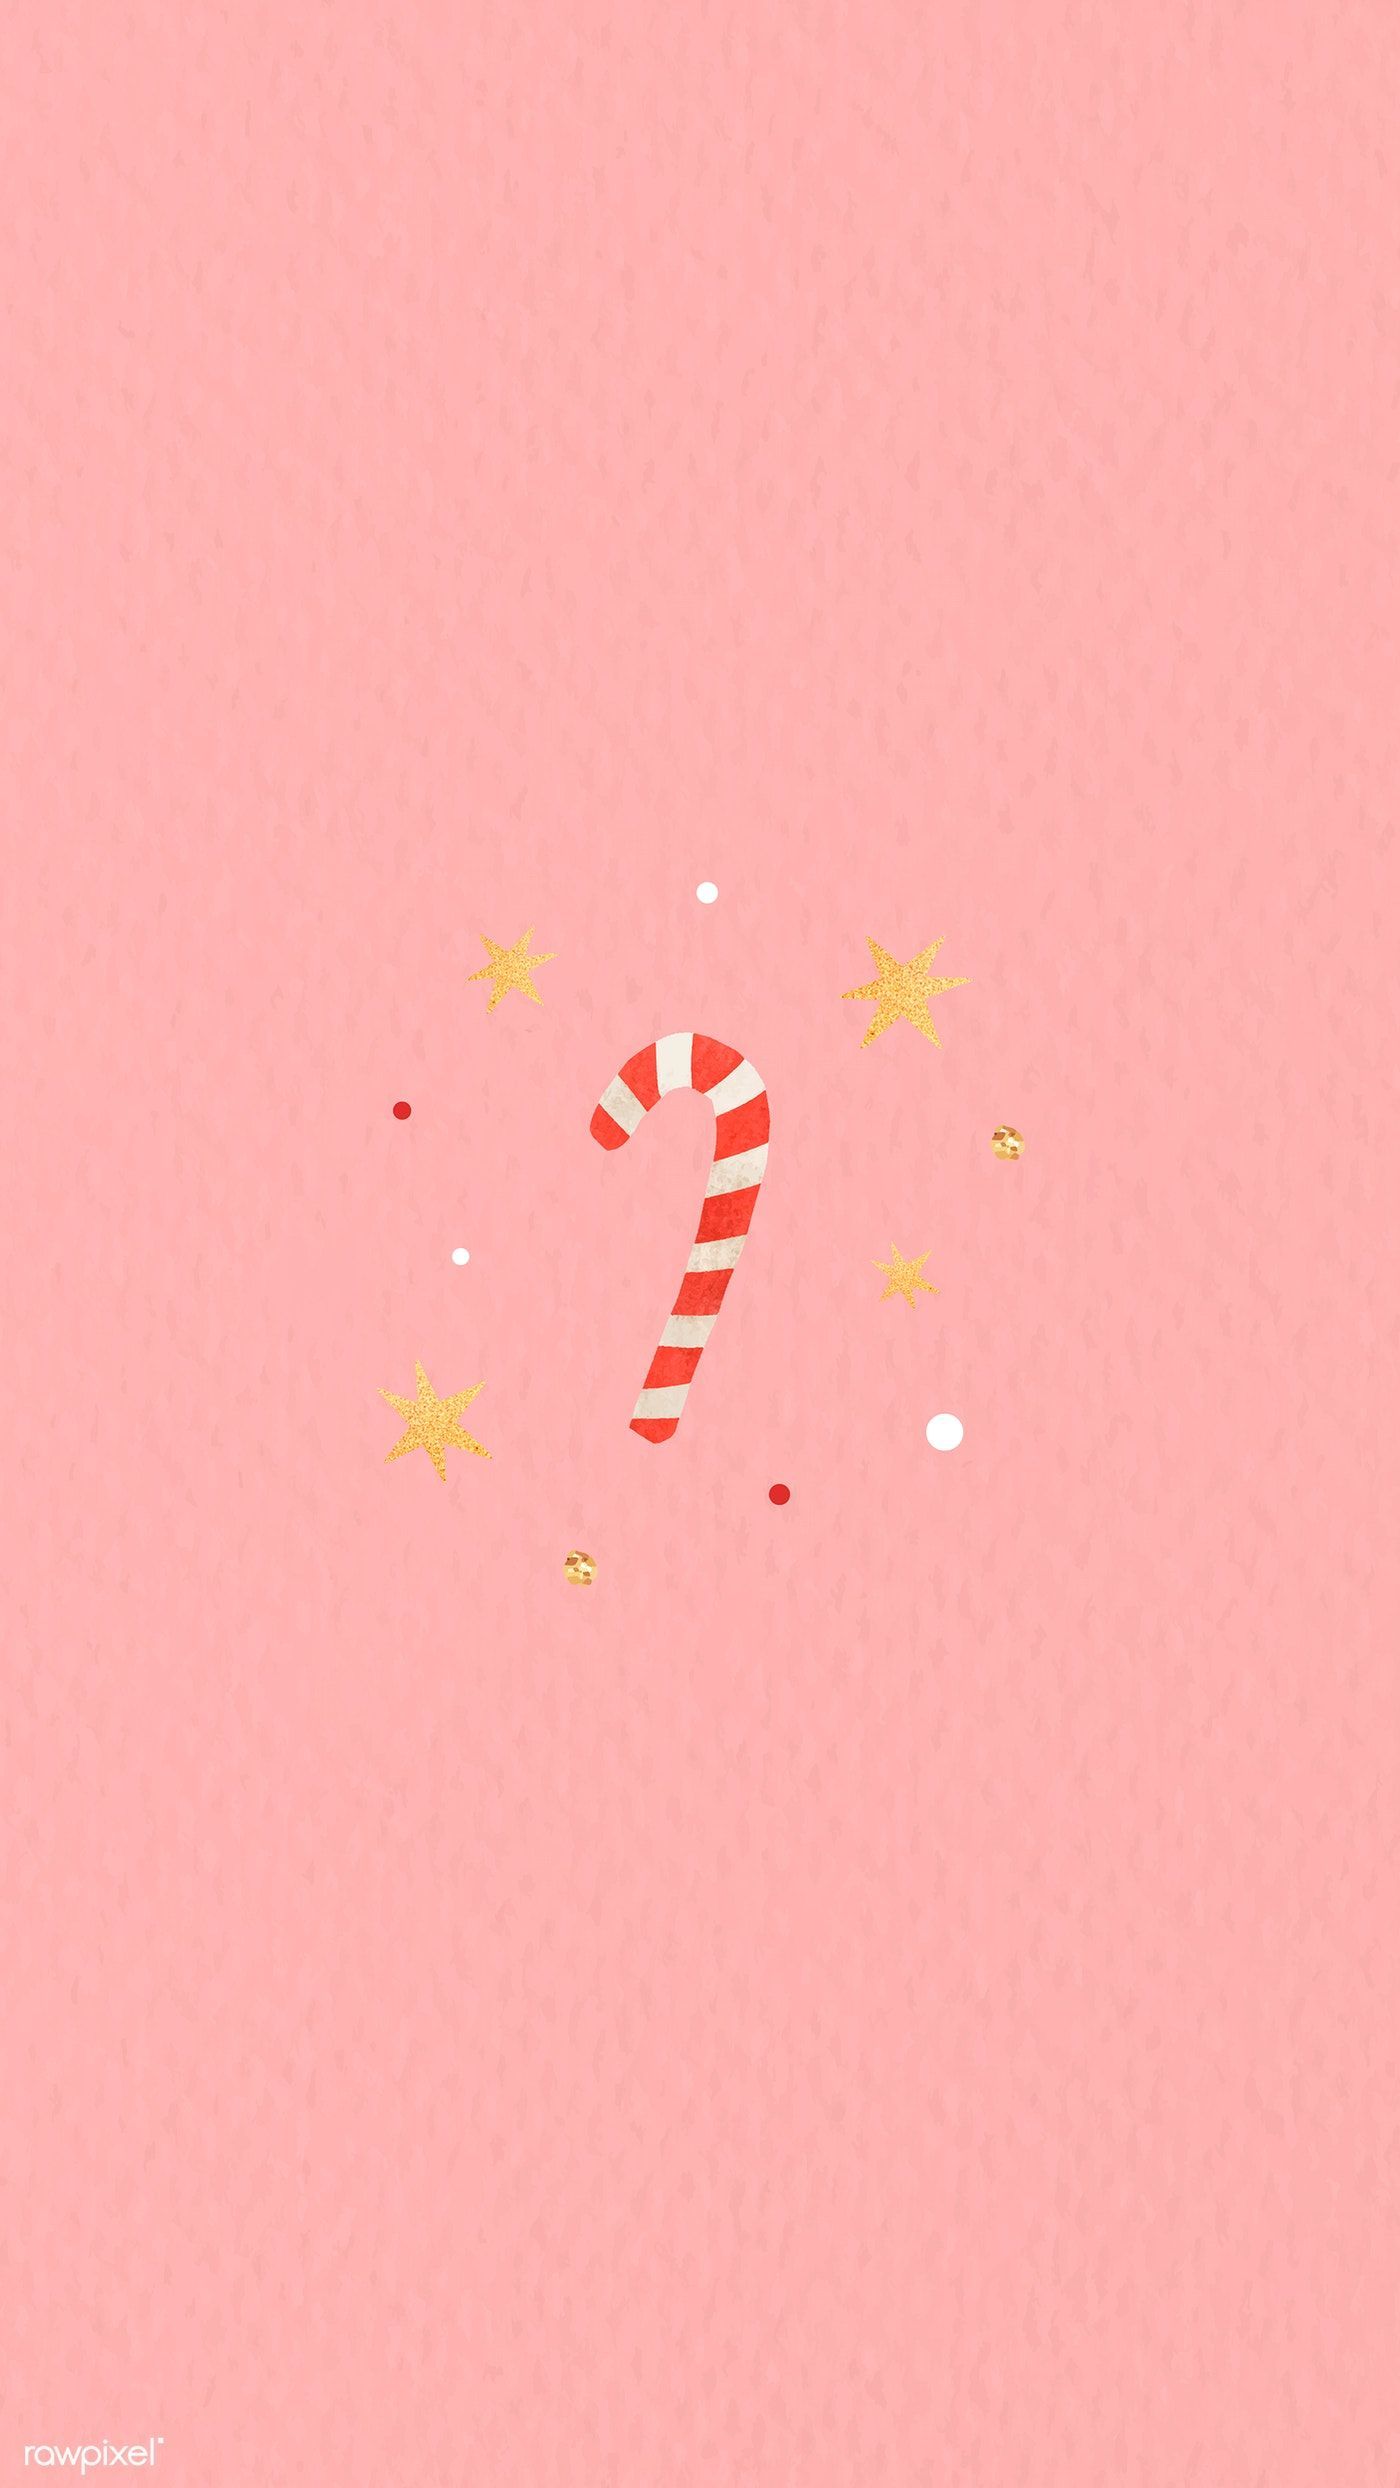 Download premium illustration of Cute candy cane mobile phone
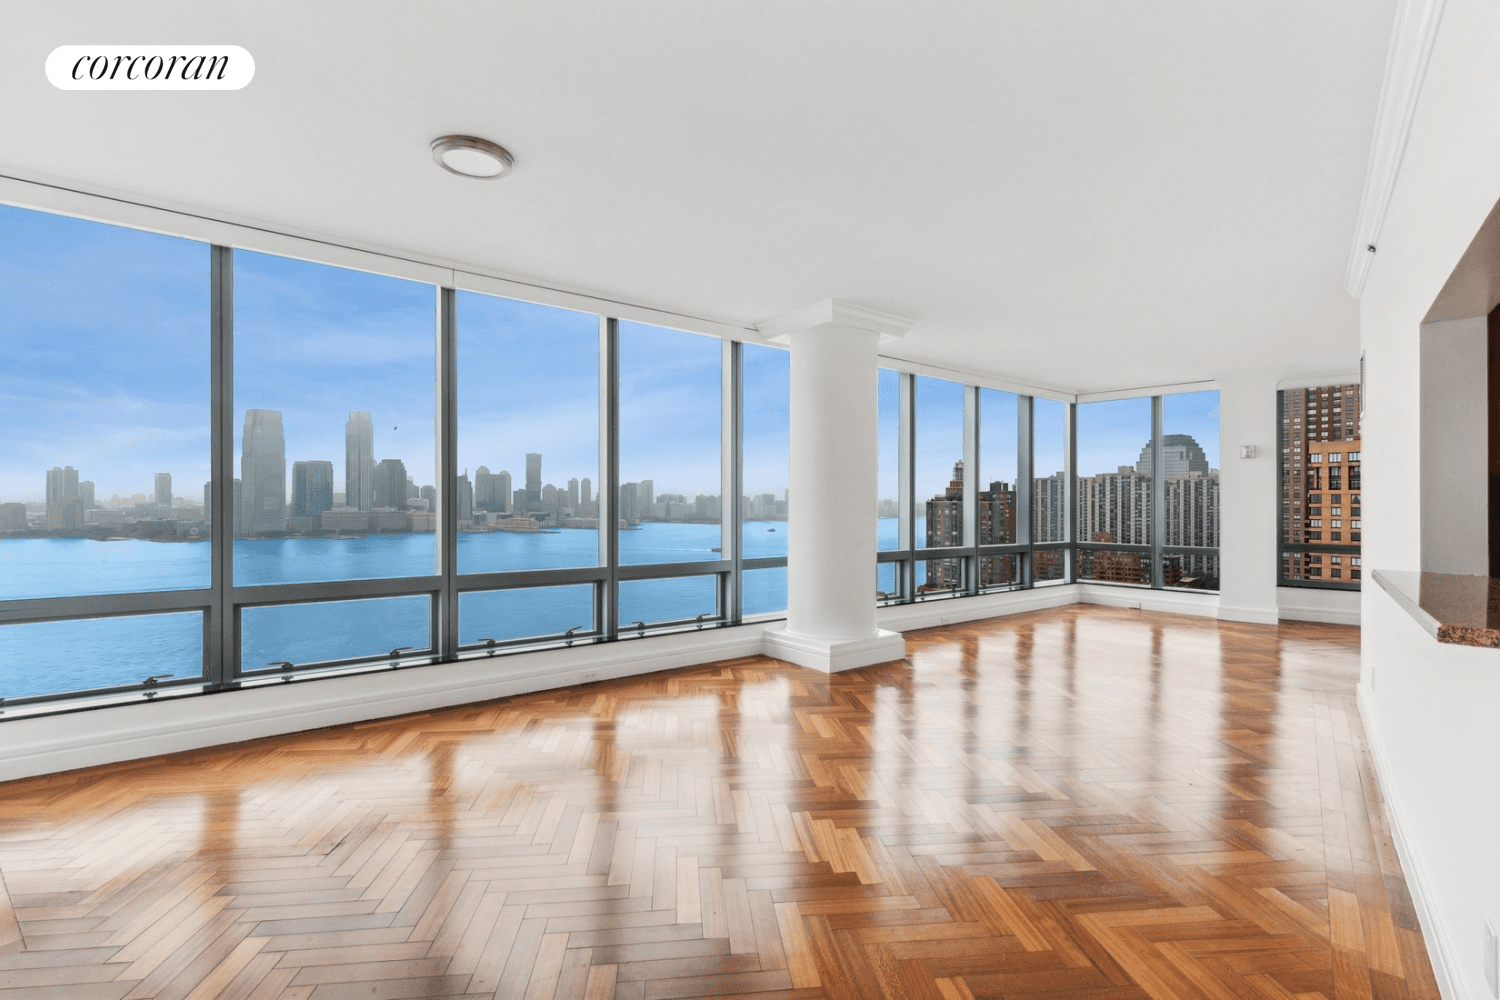 Dramatic, corner four bedroom, four bathroom condo, approx 2, 386 sq ft now available for rent at The Ritz Carlton Residences, Battery Park City.
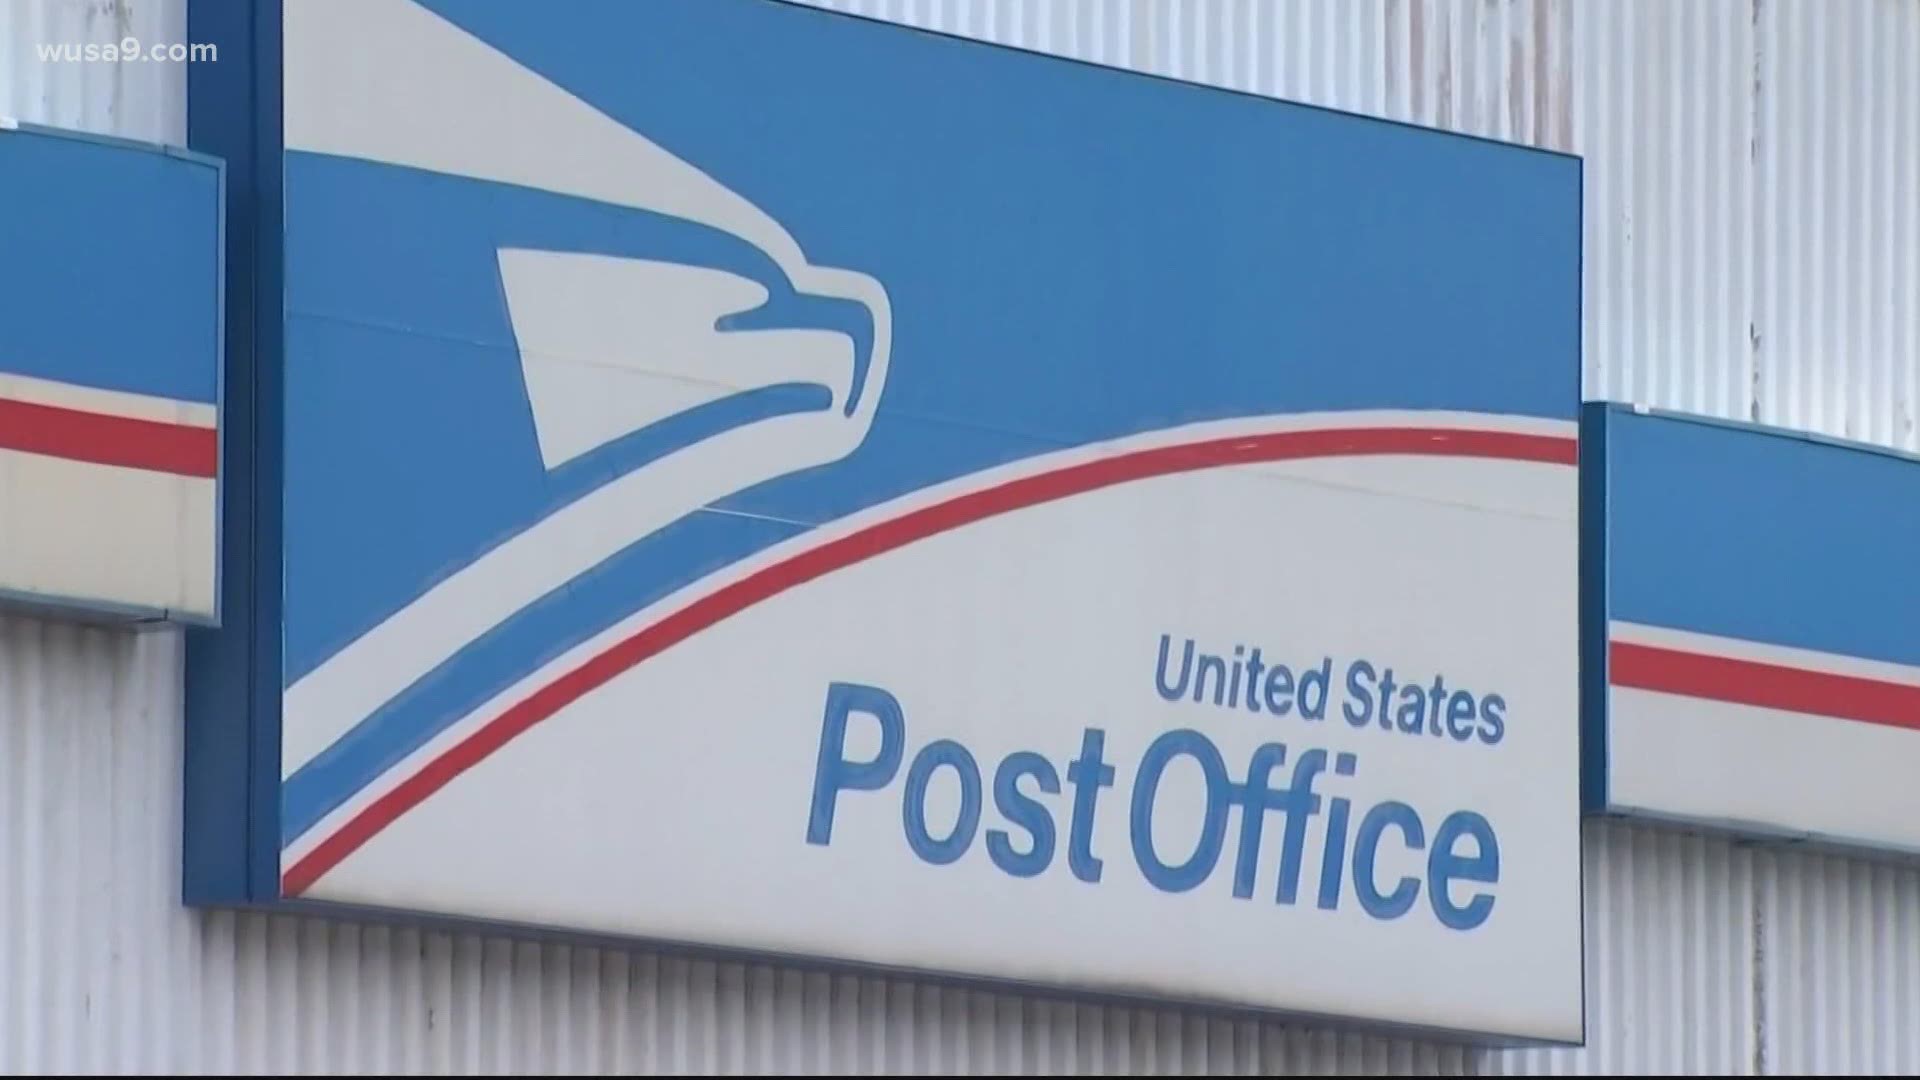 A letter carrier in Prince William County is recovering after police said he was shot delivering mail in Daley City Monday around 5pm.
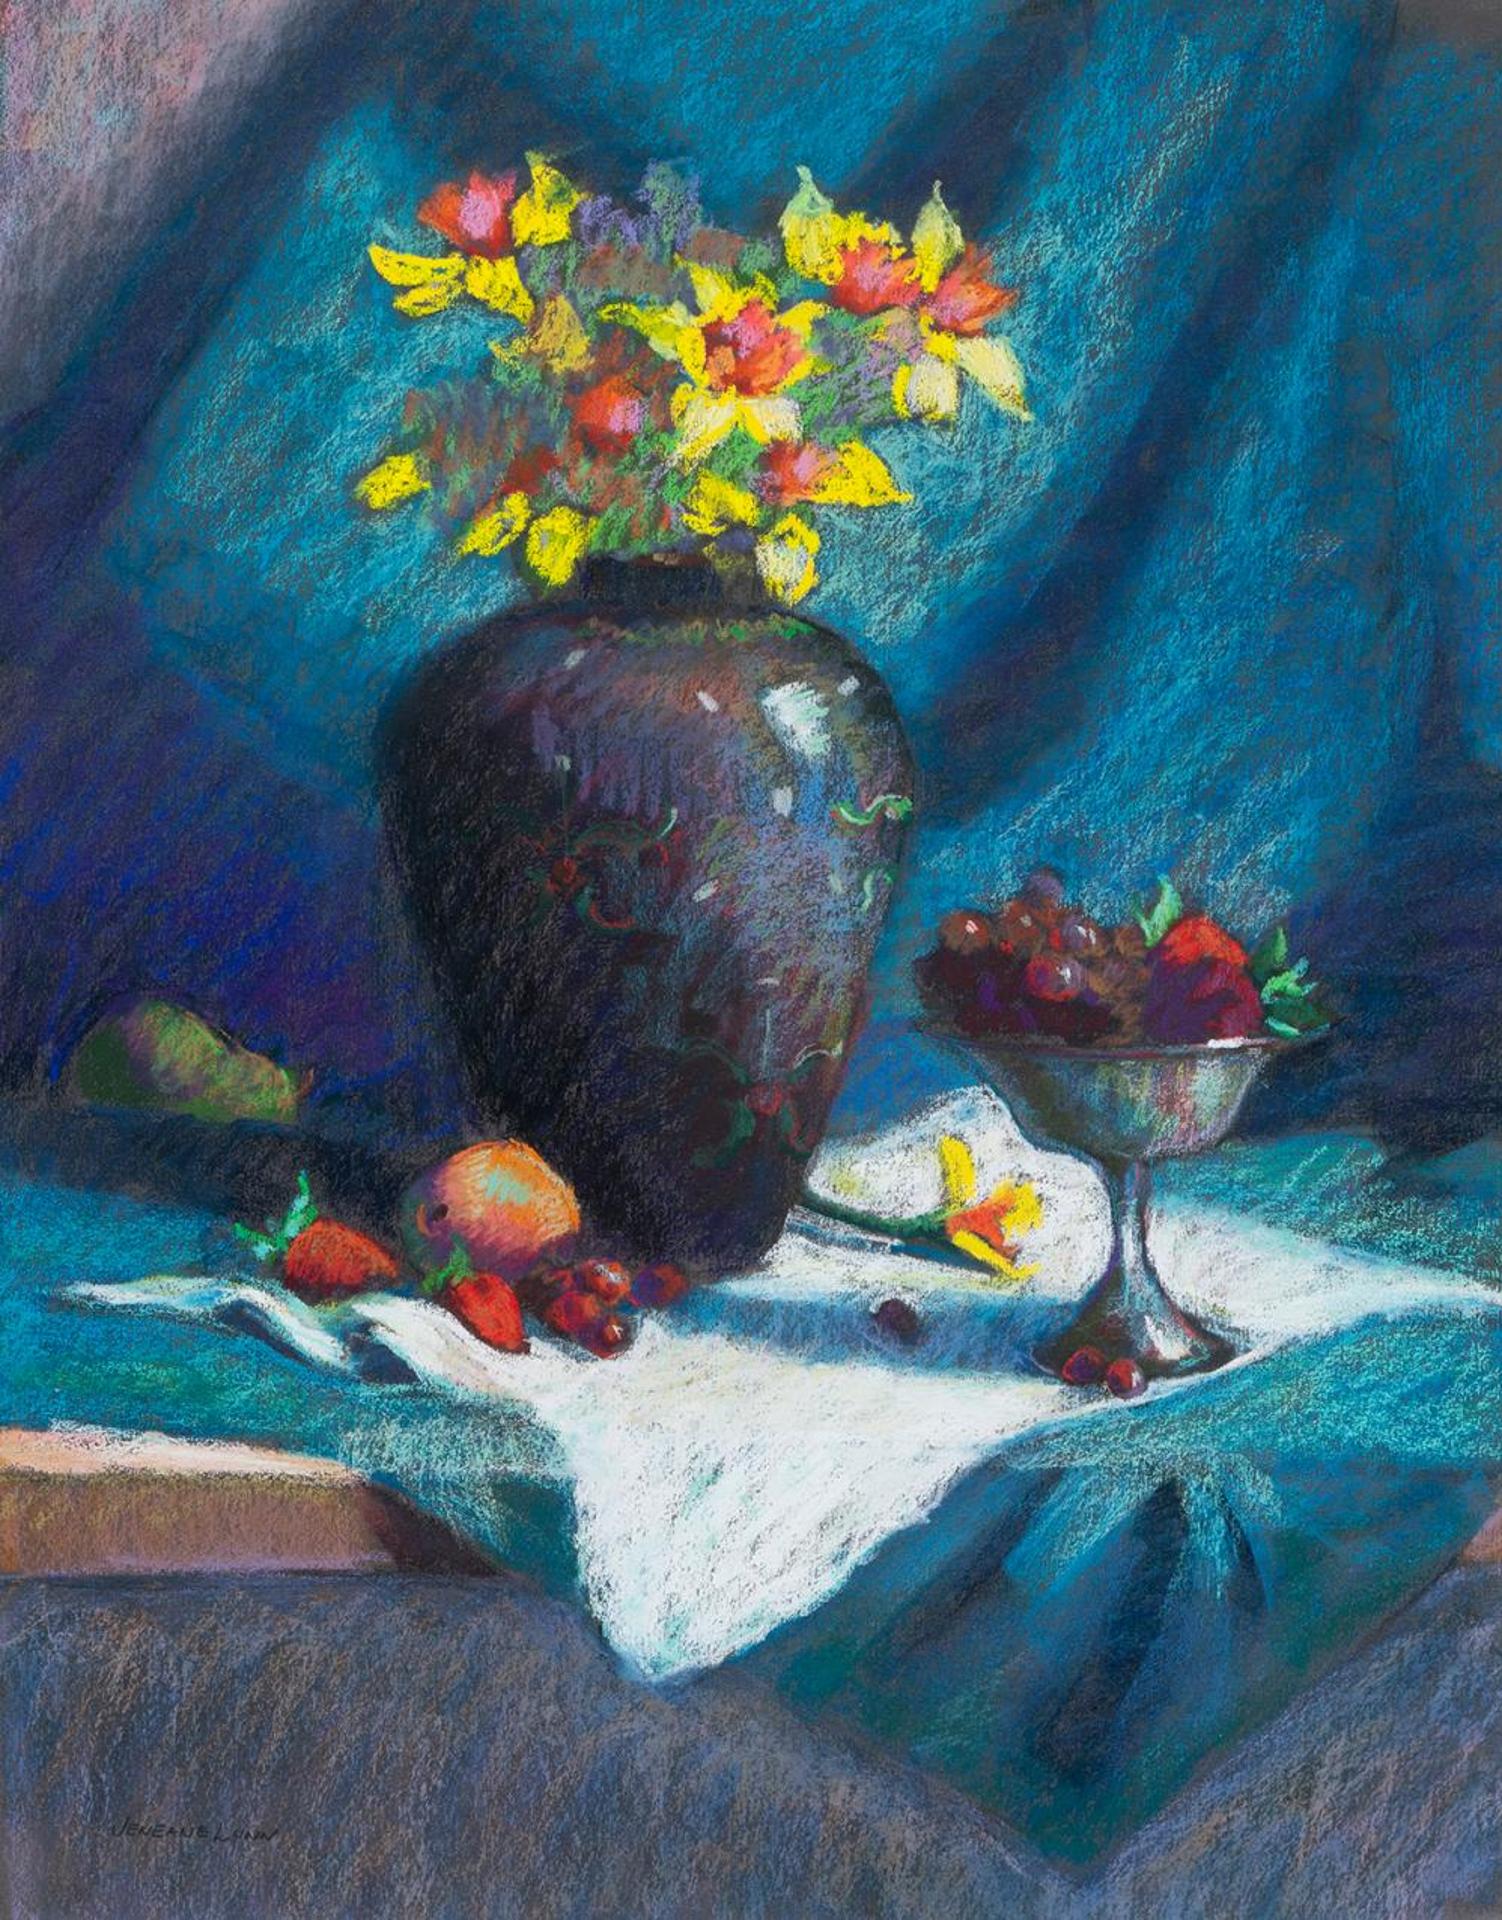 Jeneane Lunn - Untitled - Still Life With Fruit Bowl
========
> _TASK PROMPT_
Please copy the data above character for character, skipping any pictures.

> _SOLVED EXERCISE_
 Download premium illustration of Cute candy cane mobile phone
 Dramatic, corner four bedroom, four bathroom condo, approx 2, 386 sq ft now available for rent at The Ritz Carlton Residences, Battery Park City.
 A letter carrier in Prince William County is recovering after police said he was shot delivering mail in Daley City Monday around 5pm.
 Jeneane Lunn - Untitled - Still Life With Fruit Bowl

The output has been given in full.